Macie can help identify sensitive data in your Amazon S3 training and validation datasets. For security best practices, see the previous Macie section in this guidance.

Amazon EventBridge

You can use Amazon EventBridge to configure Amazon SageMaker to respond automatically to a model customization job status change in Amazon Bedrock. Events from Amazon Bedrock are delivered to Amazon EventBridge in near real time. You can write simple rules to automate actions when an event matches a rule.

AWS KMS 

We recommend that you use a customer managed key to encrypt the model customization job, the output files (training and validation metrics) from the model customization job, the resulting custom model, and the S3 buckets that host the training, validation, and output data. For more information, see Encryption of model customization jobs and artifacts in the Amazon Bedrock documentation.

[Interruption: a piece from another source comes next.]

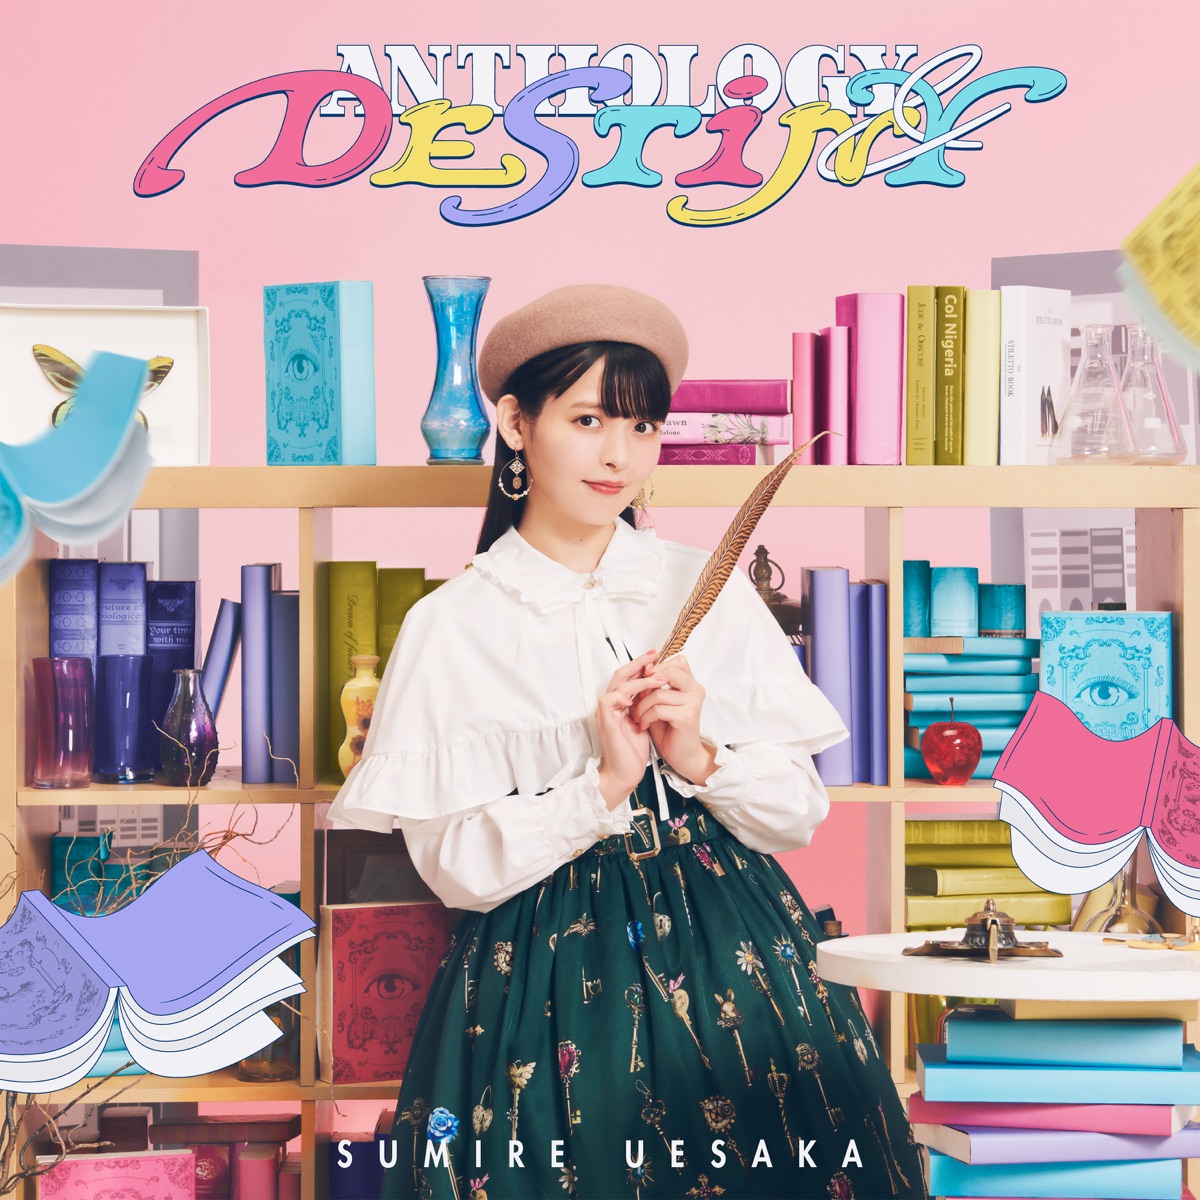 Cover art for『Sumire Uesaka - Kyoutaiaika』from the release『ANTHOLOGY & DESTINY』

A key policy is a resource policy for an AWS KMS key. Key policies are the primary way to control access to KMS keys. You can also use IAM policies and grants to control access to KMS keys, but every KMS key must have a key policy. Use a key policy to provide permissions to a role to access the custom model that was encrypted with the customer managed key. This allows specified roles to use a custom model for inference.

Use Amazon CloudWatch, Amazon CloudTrail, Amazon OpenSearch Serverless, Amazon S3, and Amazon Comprehend as explained in previous capability sections.